The data:
......

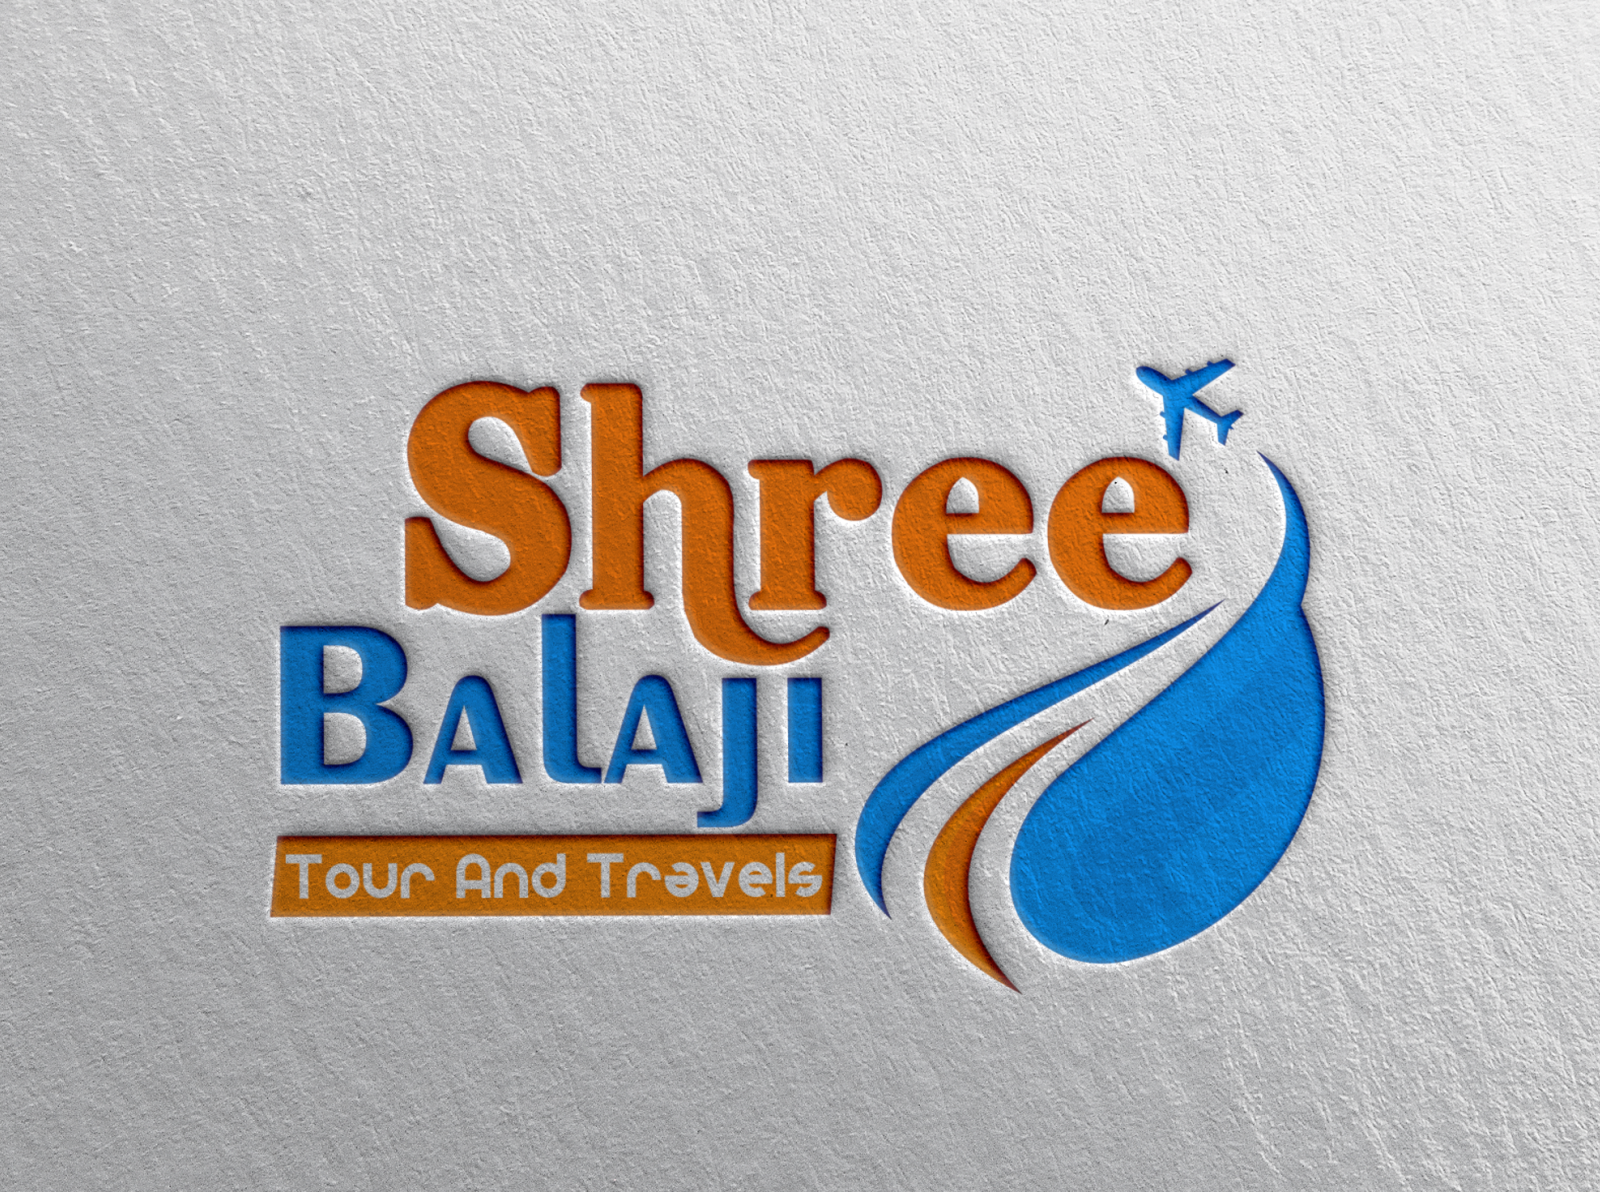 Balaji Telefilms gets new corporate identity, announces new initiative |  Advertising | Campaign India
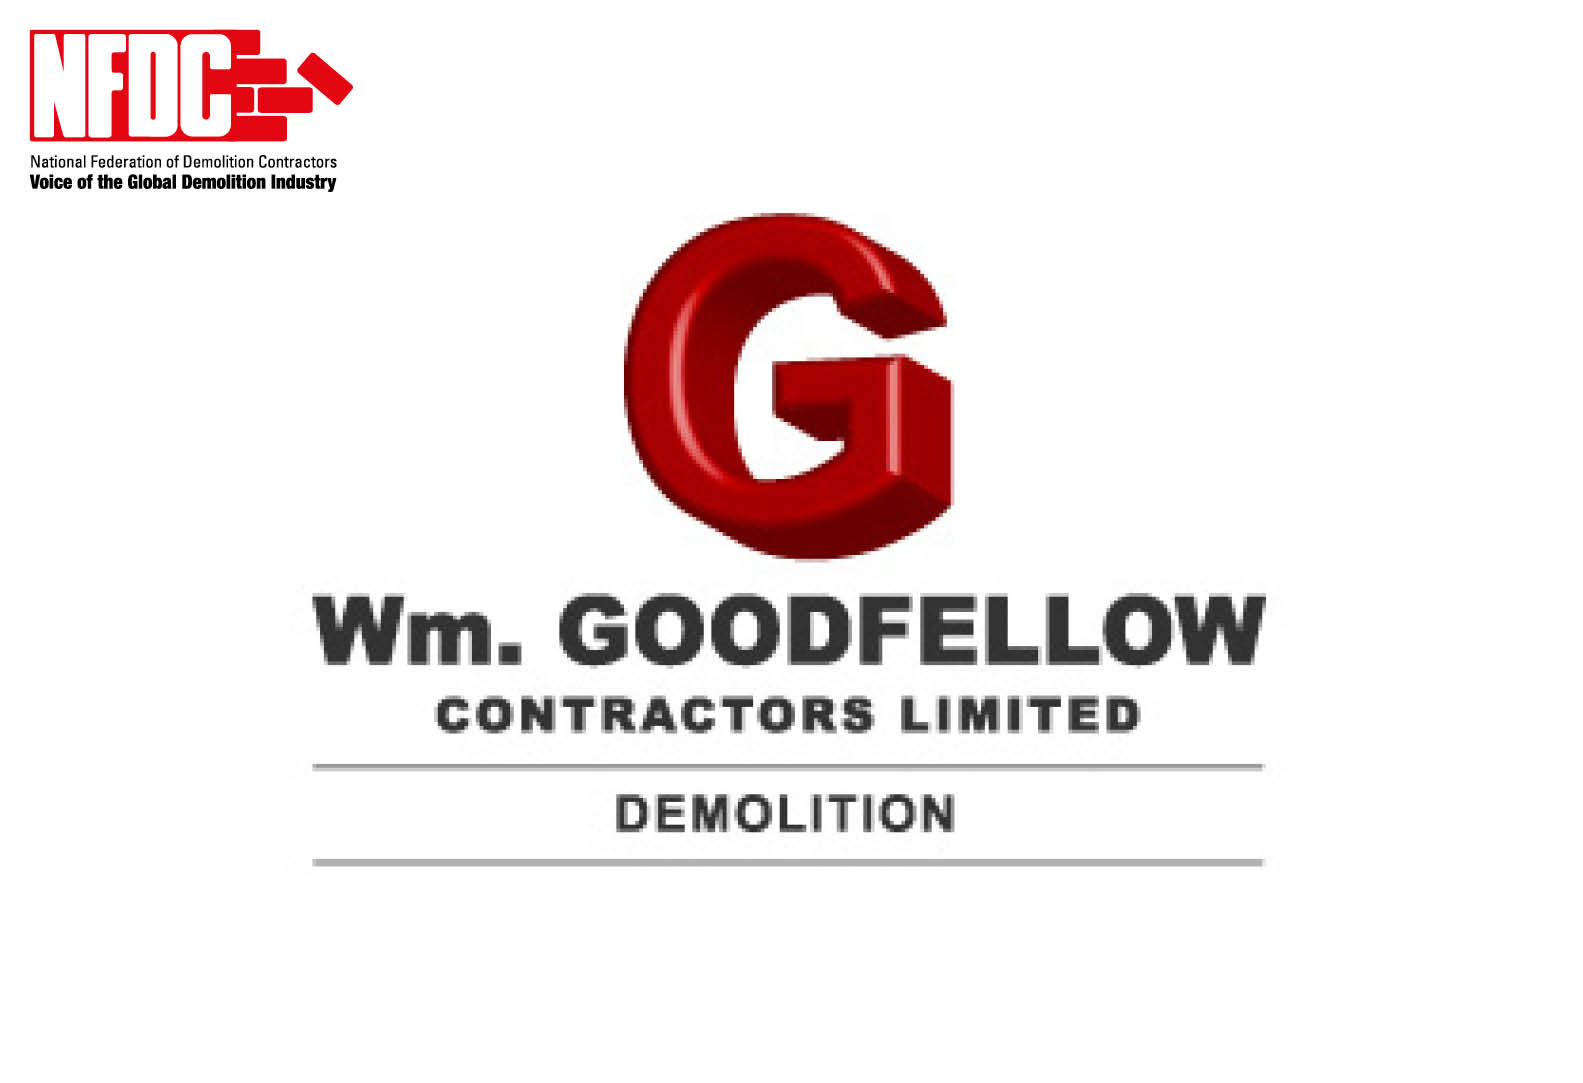 William Goodfellow (Contractors) Ltd
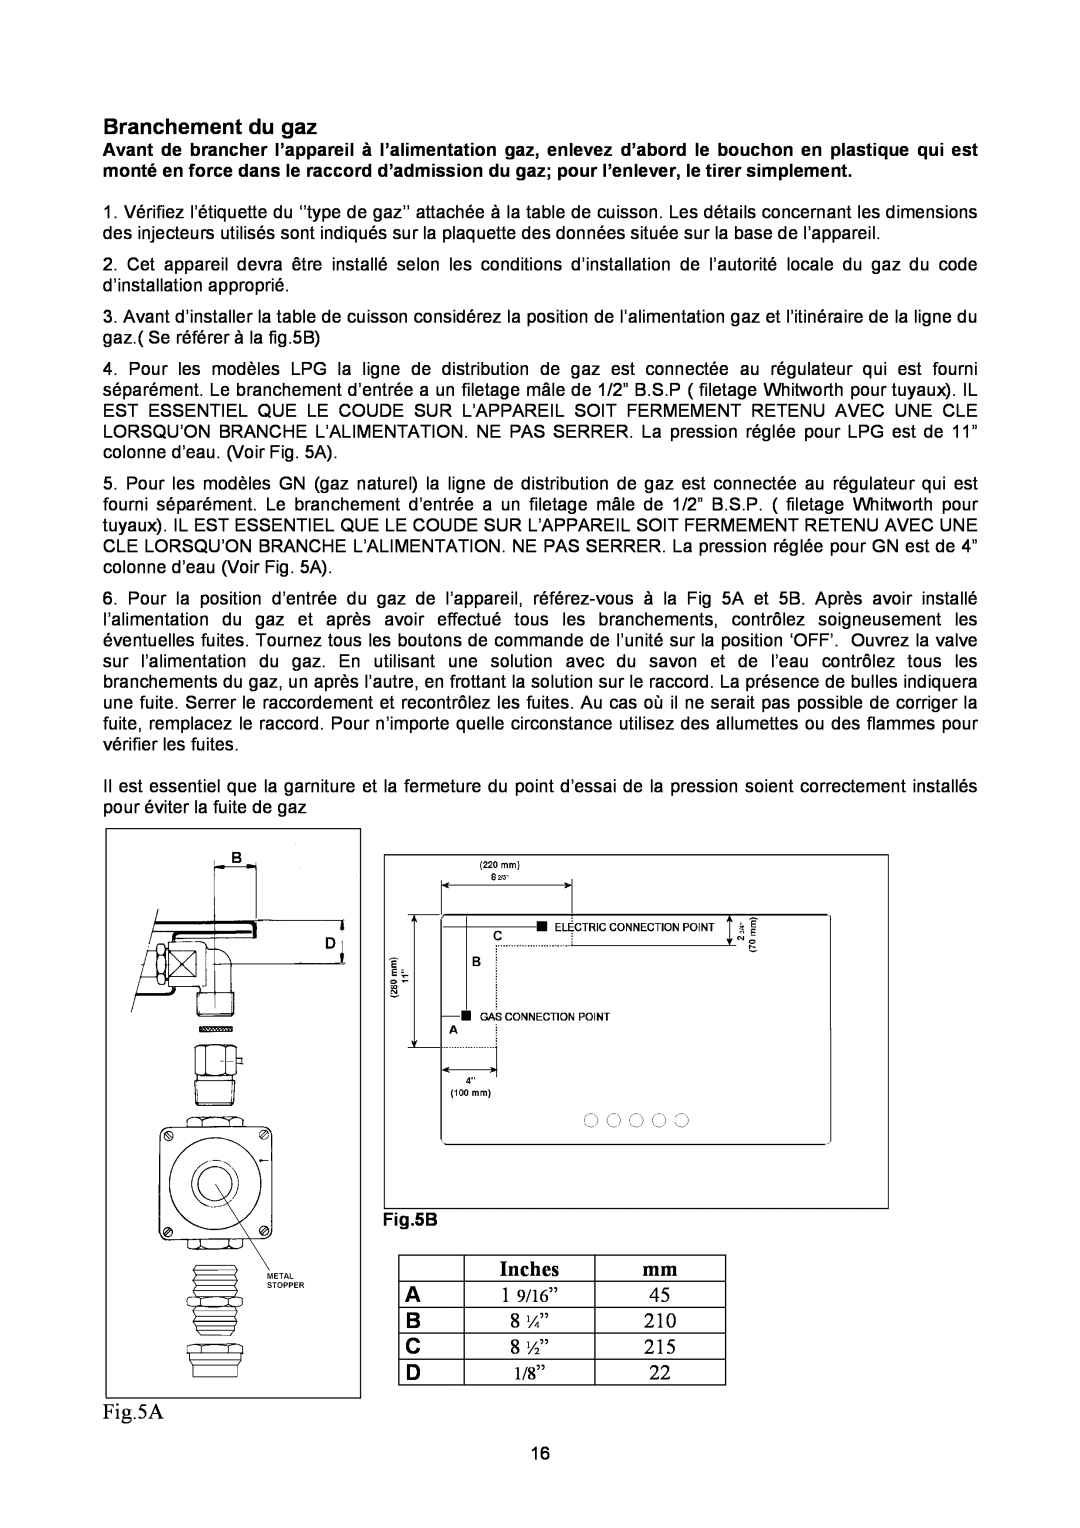 Bertazzoni P34 5 00 X dimensions Branchement du gaz, Inches, 8 ¼”, 8 ½”, A

......

Work instruction:
Quote exactly the lines from the one that contains "William Goodfellow (Contractors) Ltd" through the end of the listing above, both ends included, leaving out the pictures.

Response:
 William Goodfellow (Contractors) Ltd
 Bertazzoni P34 5 00 X dimensions Branchement du gaz, Inches, 8 ¼”, 8 ½”, A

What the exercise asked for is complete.